To fully understand the ancestor-derived model, we will illustrate the simple case where the number of SNPs is five, L = 5, the block structure is given by B (1) = {1,2,3} and B (2) = {4,5}, and the ancestral haplotypes are given by g 1 = (0,0,0,0,0) and g 2 = (1,1,1,1,1). Suppose that the observed haplotype is h = (0,0,0,1,1). The recombination event certainly happens between two blocks, R = 1. The observed haplotype is a result of the connection between two partial descendents, more precisely, h = (h [1]h [2]) = (g [1]1 g [2]2 ) and C = (1, 2). It therefore follows that \({{\mathcal{F}}}_h=\{(1,(1,2))\}\) and

$$ \begin{aligned} Pr(H=h) &= Pr(R=1,C=(1,2)) \\ &= Pr(R=1) Pr(C=(1,2)|R=1) = \lambda q_1 q_2. \end{aligned} $$

Suppose that the observed haplotype is h = (0,0,0,0,0). If no recombination event happens, R = 0, then only one block is present, K * = 1, and the observed haplotype is a direct descendent of the ancestral haplotype g 1, C = 1. Consider the case where the recombination event happens, R = 1. The number of blocks is two, K * = 2. The observed haplotype is a result of the connection between two partial descendents, more precisely, h = (h [1], h [2]) = (g [1]1 , g [2]1 ) and C = (1,1). It therefore follows that \({{\mathcal{F}}}_h=\{(0,1),(1,(1,1))\}\) and

$$ \begin{aligned} Pr(H=h) &= Pr(R=0,C=1)+Pr(R=1,C=(1,1)) \\ &= (1-\lambda)q_1+\lambda q_1^2. \end{aligned} $$

The general case can be extended in a similar way.

Mixture model and parameter estimation

The ancestor-derived model has been constructed to handle recombinant haplotypes.

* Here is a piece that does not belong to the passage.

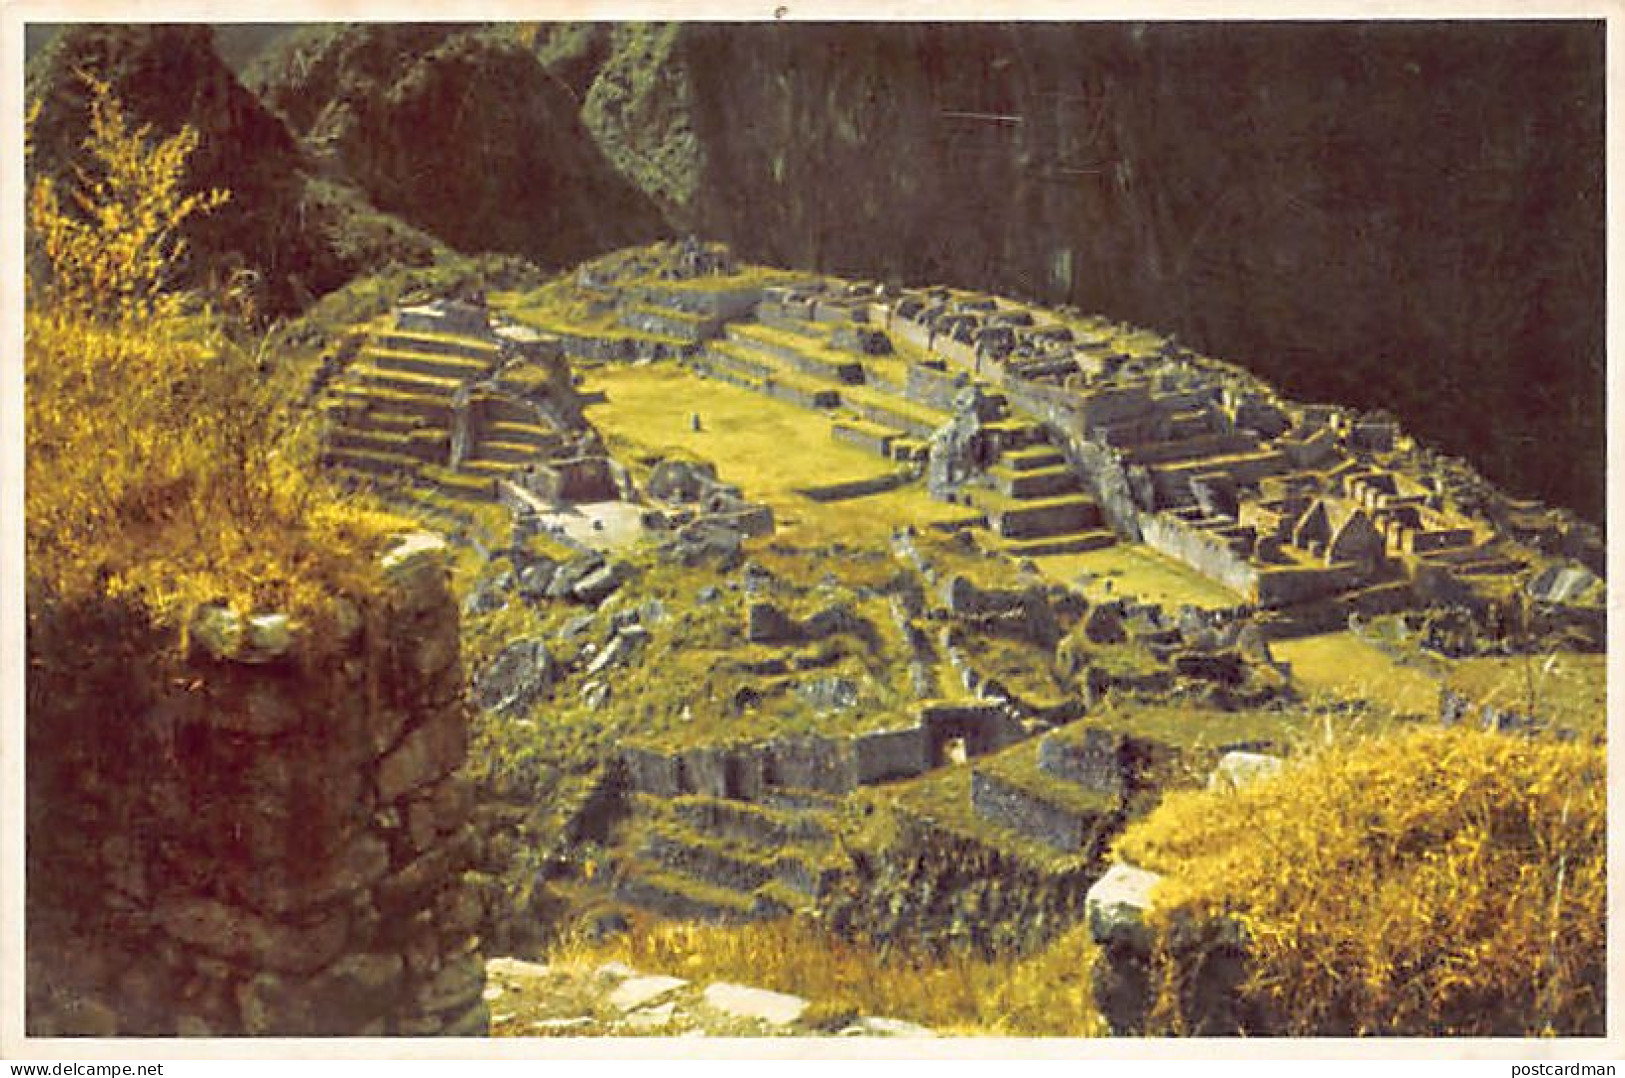 Peru - CUZCO - Vista Central De Las Ruinas Incaicas De Machu Picchu - Ed. Udo Schack 125 - Peru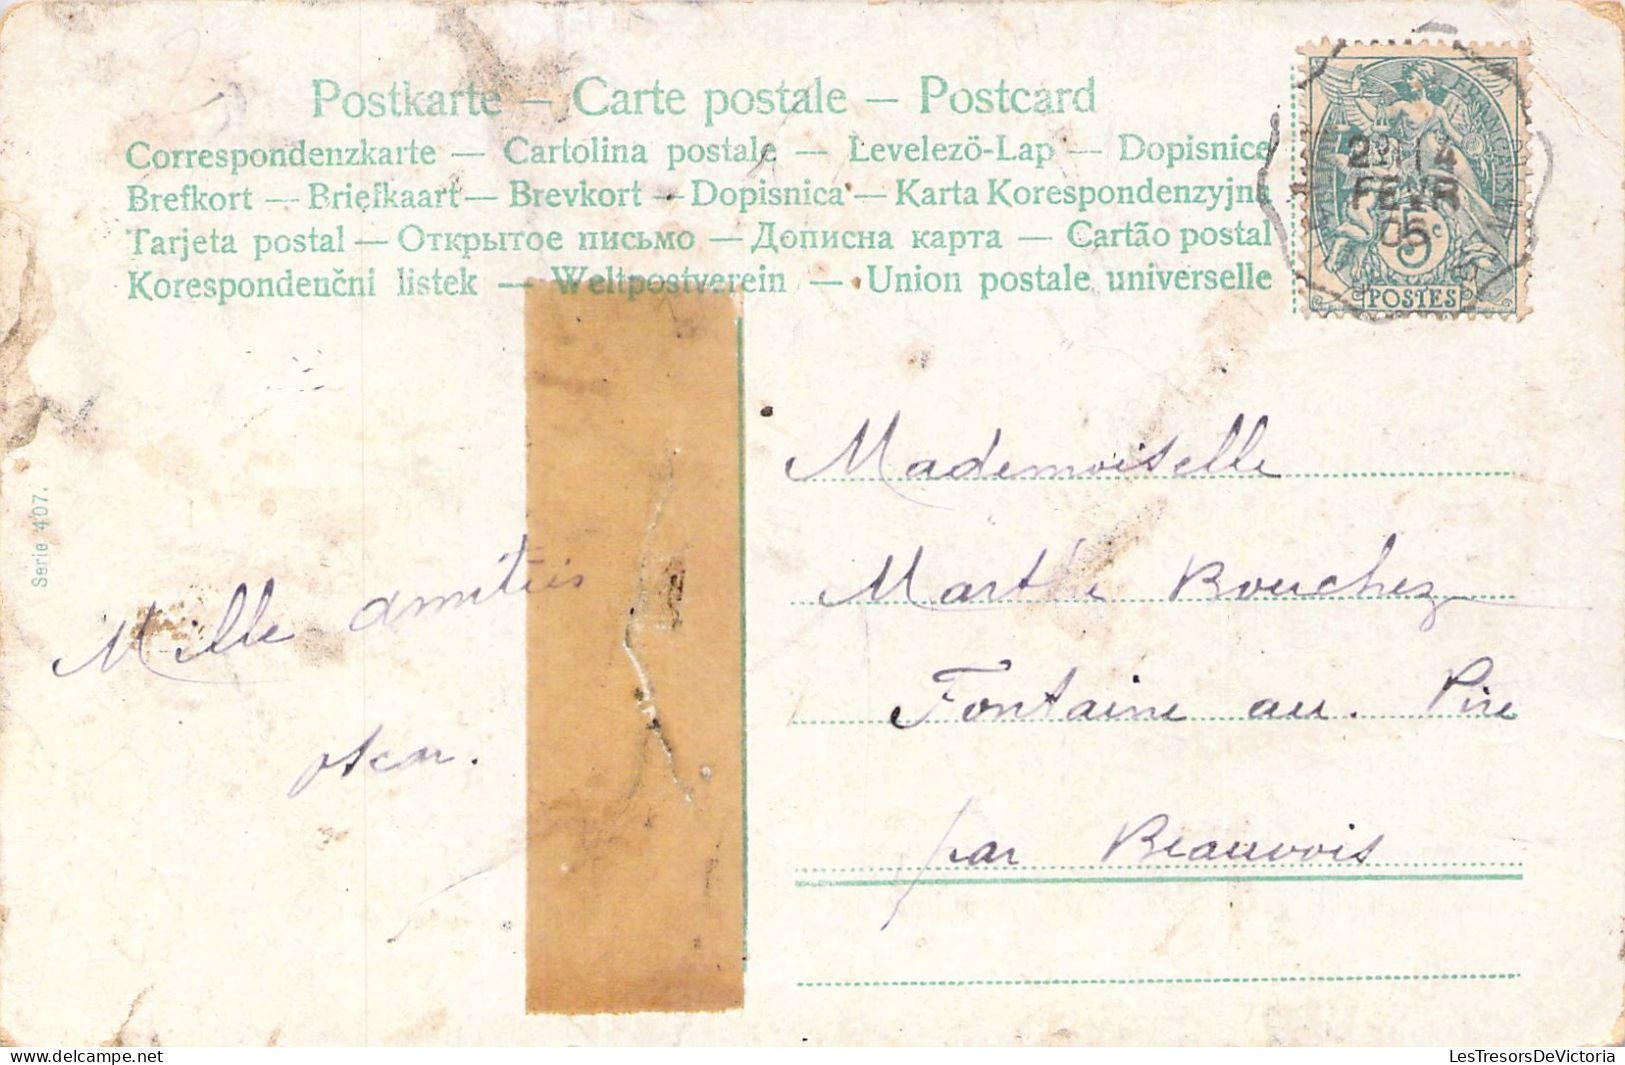 FANTAISIE - Bébés à La Piscine - Carte Postale Ancienne - Neonati

The remainder of the problem is to model the remaining nonrecombinant haplotypes. As described in the “Introduction,” a simple full frequency model is applied to nonrecombinant haplotypes. Let \({{\mathcal{U}}}=\{u_1,\ldots,u_D\}\) be the set of distinct nonrecombinant haplotypes and p d be the frequency probability of u d, where ∑ Dd=1 p d = 1. The full frequency model is given by \(Pr (H=h)=\prod_{d=1}^{D} p_{d}^{I(h=u_d)}.\) The whole model proposed is a mixture of the ancestor-derived model and the simple full frequency model, with a mixing proportion ω.

The parameter of the mixture model, θ = (λqp, ω), can be estimated by the maximum likelihood principle. Let the maximum likelihood estimate of θ be denoted by \({\hat{\theta}}.\) Note that the observed haplotype belongs to either of two underlying models and never to both simultaneously. Let the set of recombinant haplotypes be denoted by {h 1, ..., h n}. It is clear that \({\hat{\omega}}=n/N, {\hat{p}}\) is simply given by the observed frequency, and \({\hat{\xi}}=({\hat{\lambda}},{\hat{q}})\) is the maximizer of \(\sum_{i=1}^n \log Pr(H=h_i;\xi)\) with respect to ξ = (λ,q), which can be obtained through the EM algorithm (Dempster et al. 1977; McLachlan and Krishnan 1997). The detailed derivation of the algorithm is given in the “Electronic supplementary material” (ESM).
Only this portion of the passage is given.